### Task description
For this exercise, the lines from the one with "示例 app TripTrek" through the end of the material below must be output exactly, without pictures.

BEGIN Recorded information

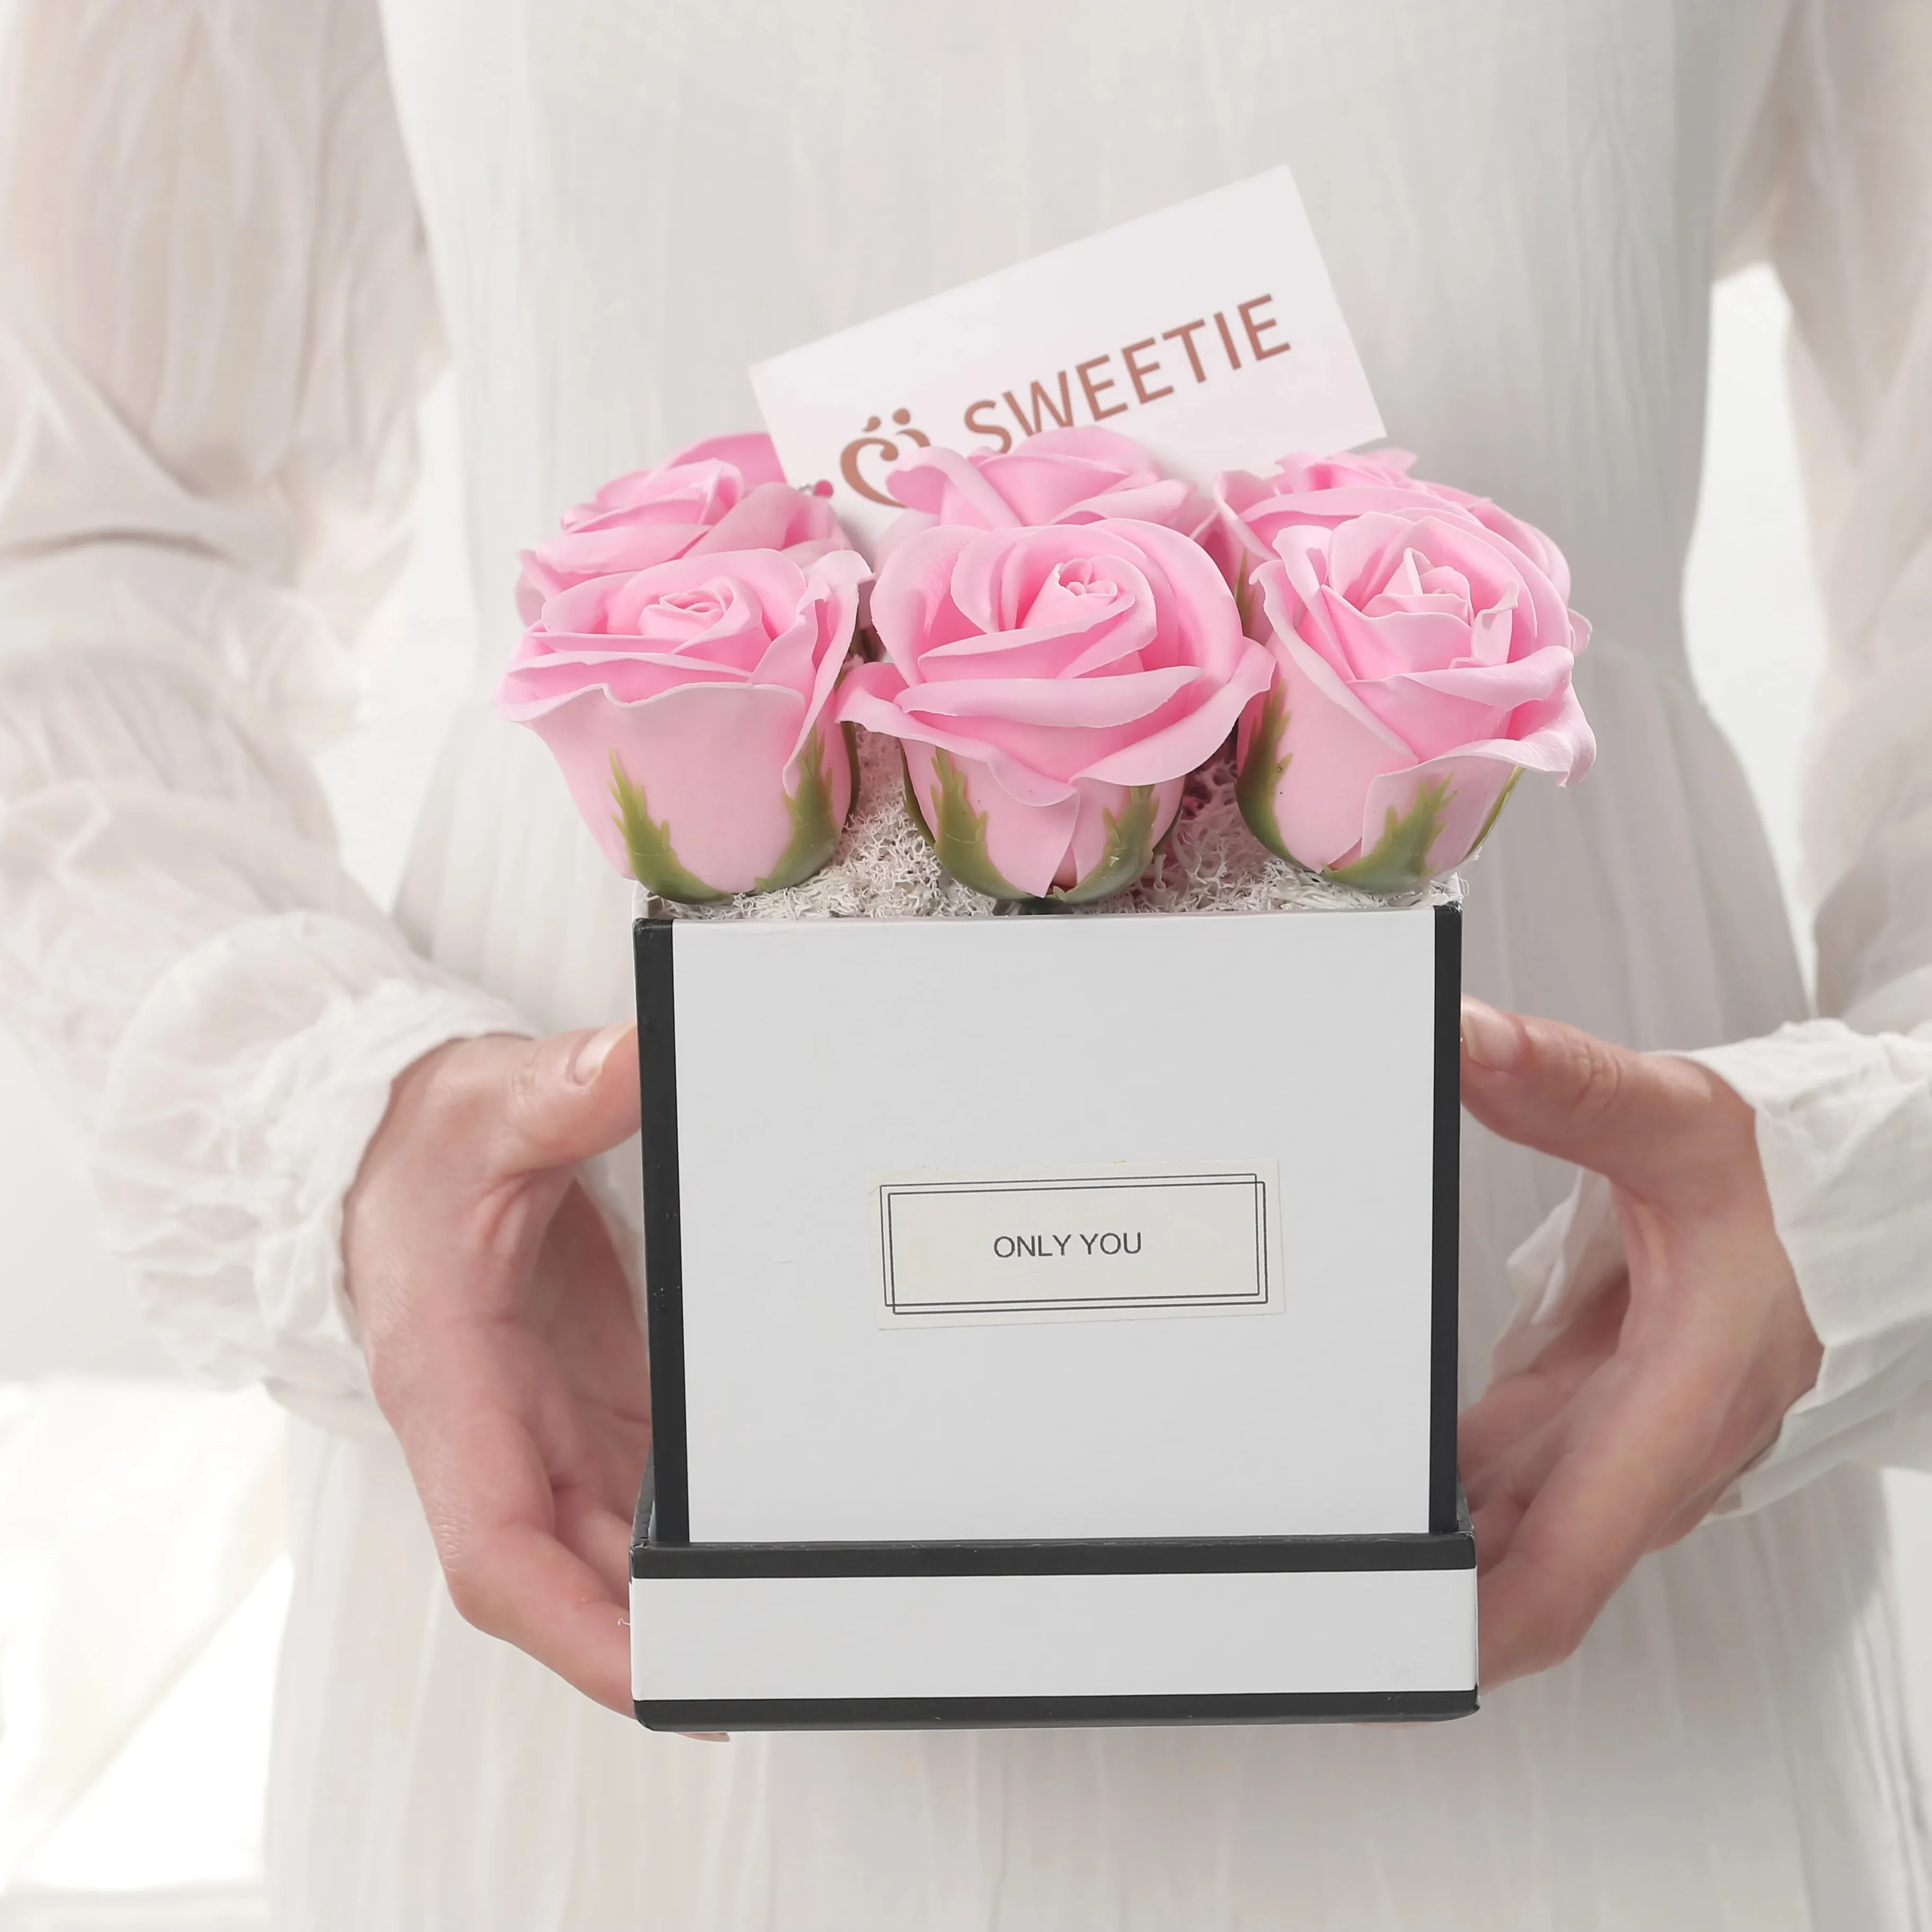 Оптовая продажа высокое качество домашнее свадебное украшение 9 Розовое Мыло розы Искусственные цветы розы в квадратной подарочной коробке на День Святого Валентина
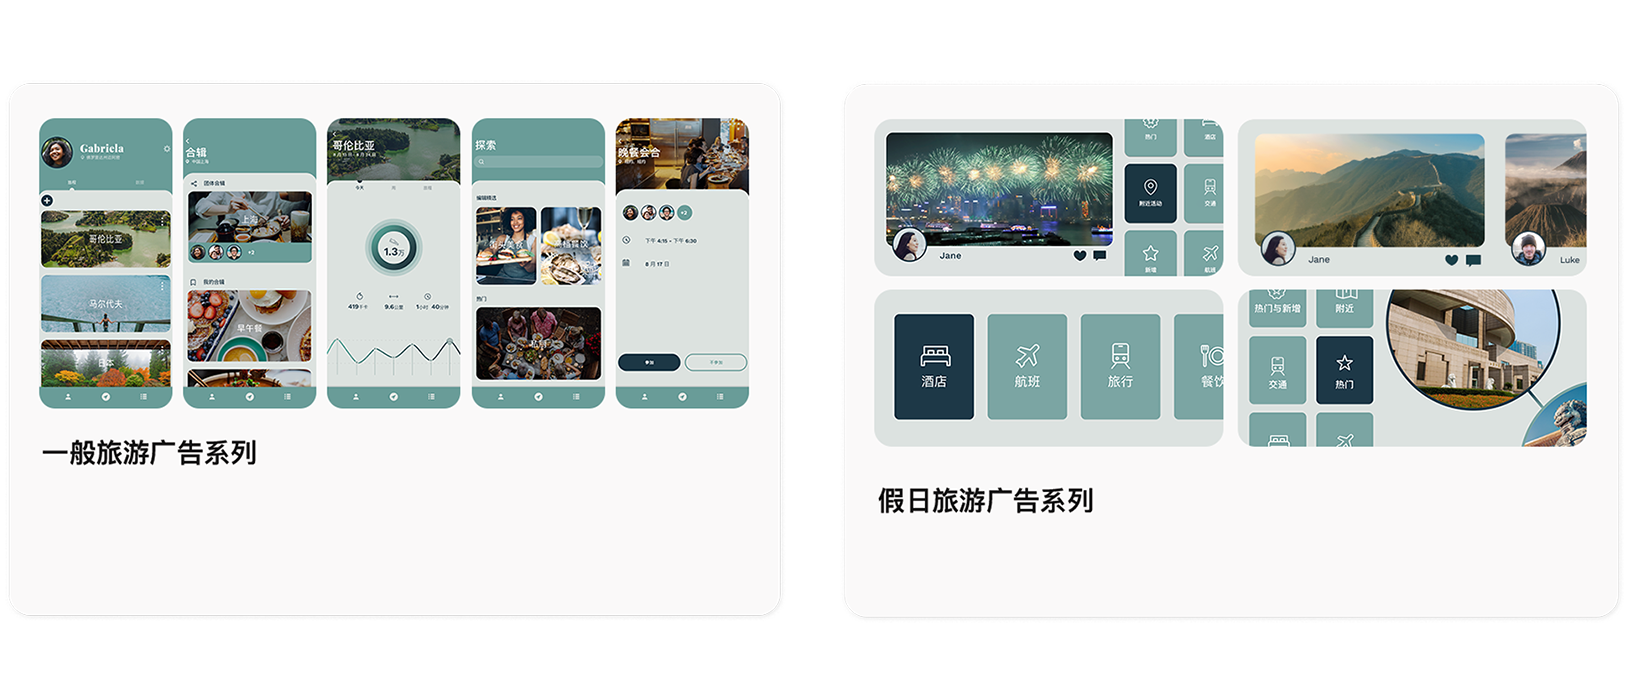 示例 app TripTrek 的两个 Today 标签页广告例子。左侧是常规旅游广告系列，包含 app 概览的图像。右边是可能会在一年中的推广时期投放的假日旅游广告系列。
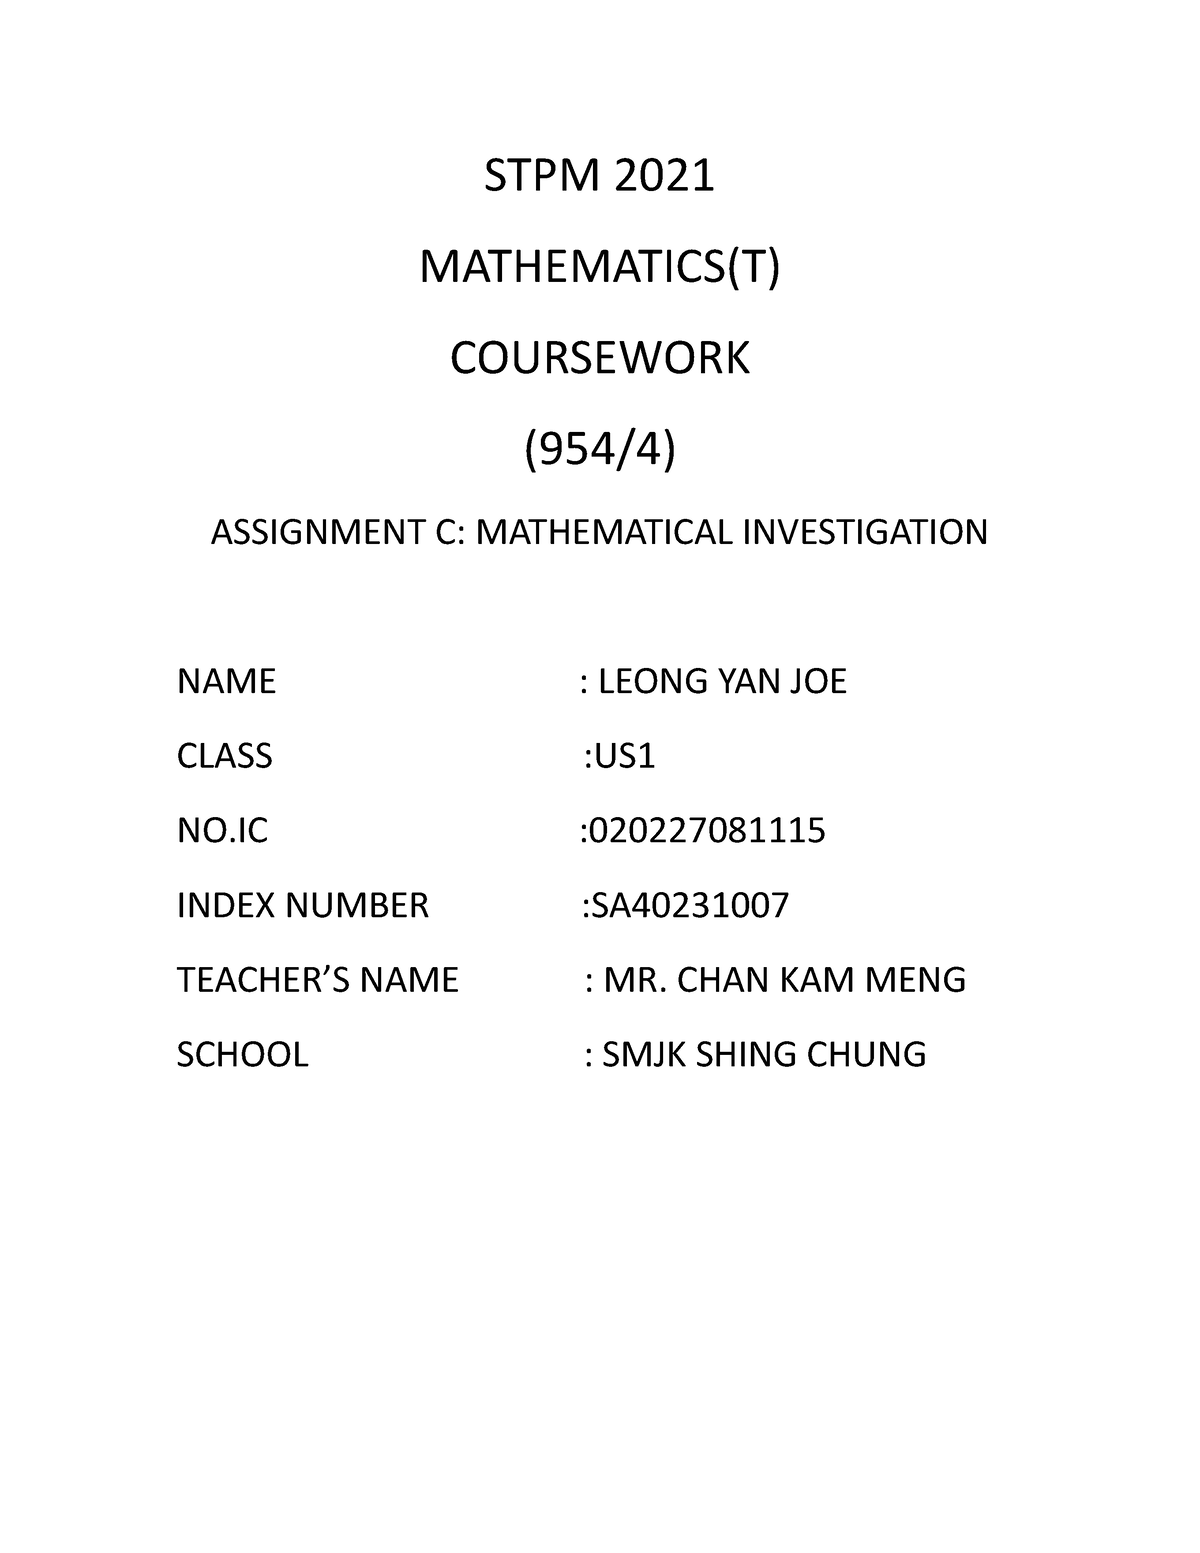 maths t coursework sem 3 2021

END Recorded information

### Completed exercise
 示例 app TripTrek 的两个 Today 标签页广告例子。左侧是常规旅游广告系列，包含 app 概览的图像。右边是可能会在一年中的推广时期投放的假日旅游广告系列。
 maths t coursework sem 3 2021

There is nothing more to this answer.